The week before their 29% triumph in the local elections down south, “Red Ed” set out a timid Blairite proposal on pay, perhaps with half an eye on UKIP’s bizarre idea that wage levels are entirely determined by the numbers of people arriving in Britain. His grand idea was this – if employers pay the living wage, they might get tax reliefs or lower business rates in return.
The living wage rates are assessed by Loughborough University’s Centre for Research in Social Policy, who calculate that “people need to earn £7.45 an hour to be able to pay for food, heating and clothes, as well as to participate in a minimum level of social activity“.
For those aged over 21 working outside London, a living wage at that rate represents a modest £1.26 an hour above the minimum wage. The other way of looking at this is that the minimum wage is insufficient to allow people to “pay for food, heating and clothes, as well as to participate in a minimum level of social activity“. Can that really be acceptable? Why have a minimum wage if it doesn’t allow people to lead a basic existence of that sort?
Miliband’s proposal would mean taxpayers further subsidising employers who aren’t prepared to pay this minimum, just like parts of the tax credit system did. Effectively, those employers would still be paying below the living wage but we’d be making up part of the difference. It’s an inadequate and pathetic response to a crisis in living standards.

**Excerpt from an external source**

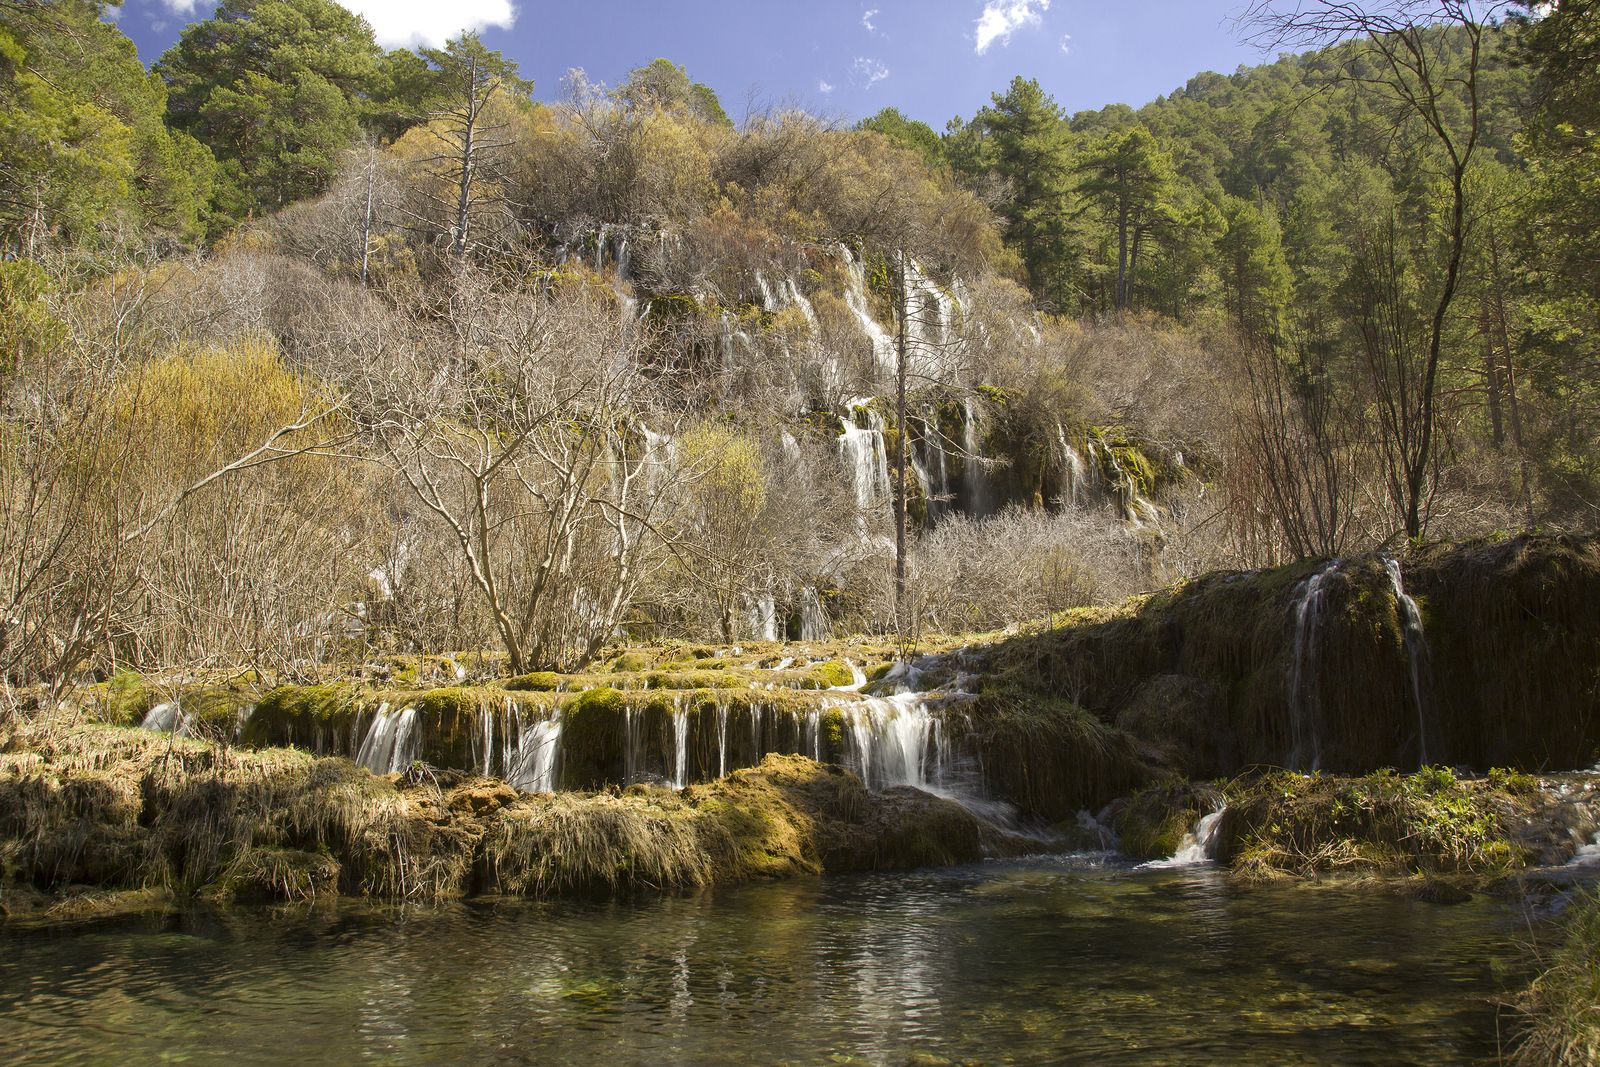  Los nacimientos de ríos más bellos que puedes encontrar en España: Nacimiento río Cuervo España (bigstock)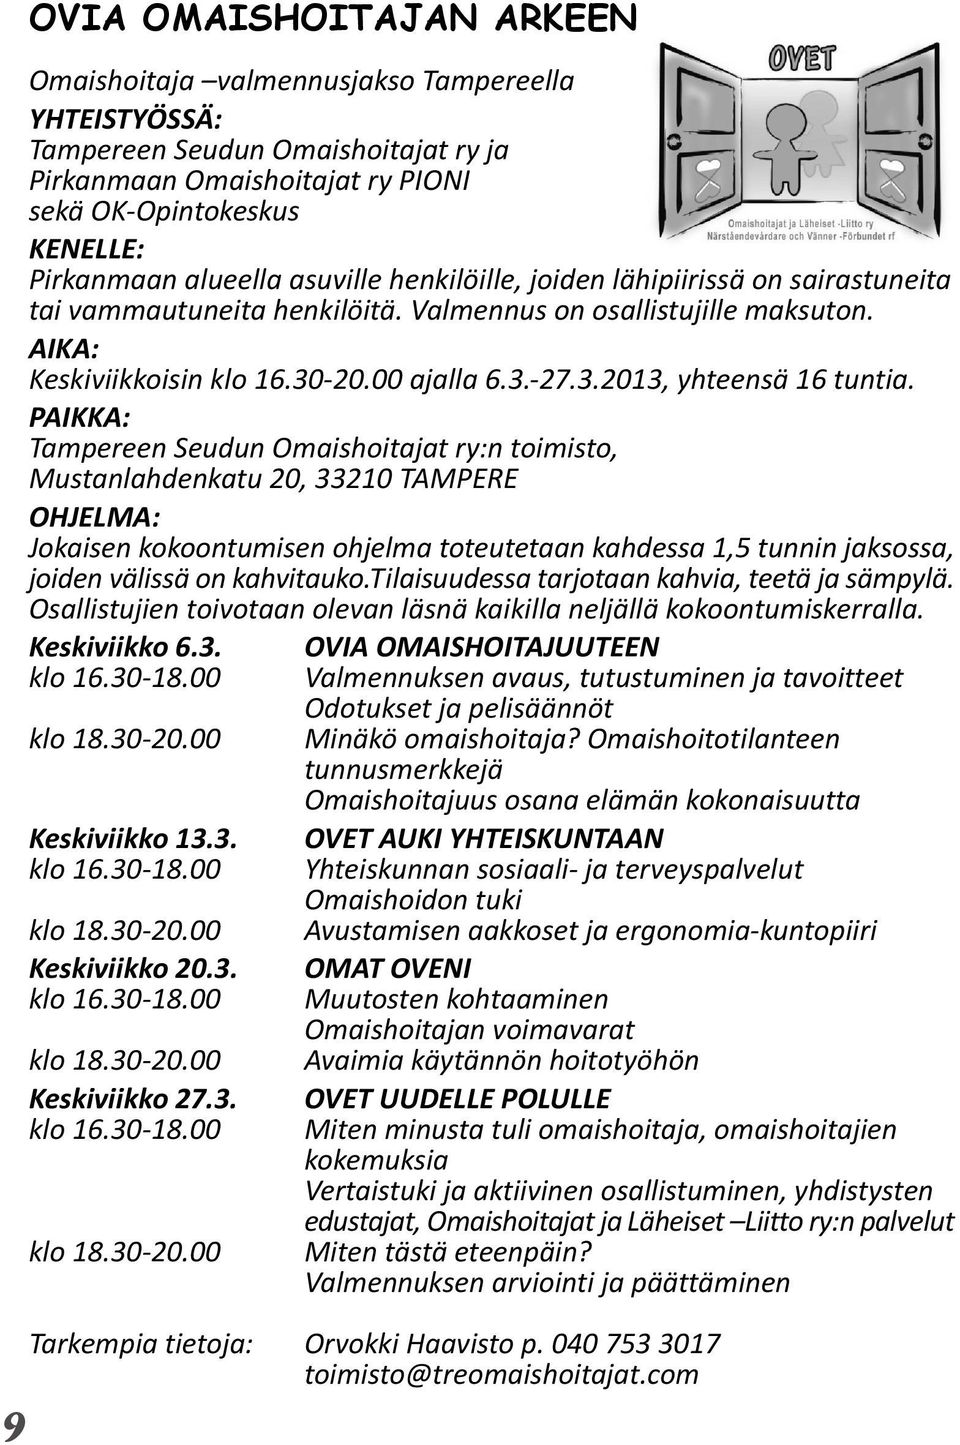 PAIKKA: Tampereen Seudun Omaishoitajat ry:n toimisto, Mustanlahdenkatu 20, 33210 TAMPERE OHJELMA: Jokaisen kokoontumisen ohjelma toteutetaan kahdessa 1,5 tunnin jaksossa, joiden välissä on kahvitauko.

Instead, government should just be setting the minimum wage at the living wage level, not fudging it like this or gently pressuring companies to do the right thing. Not only would it be a redistributive pay rise for the lowest-paid in society (and make the siren voices of the ‘kippers less appealing) but, as Darren Johnson points out here, it’d save taxpayers an estimated £2.2bn. It’s a decent test of a party that claims to be of the left, too: back this, or give up your claim.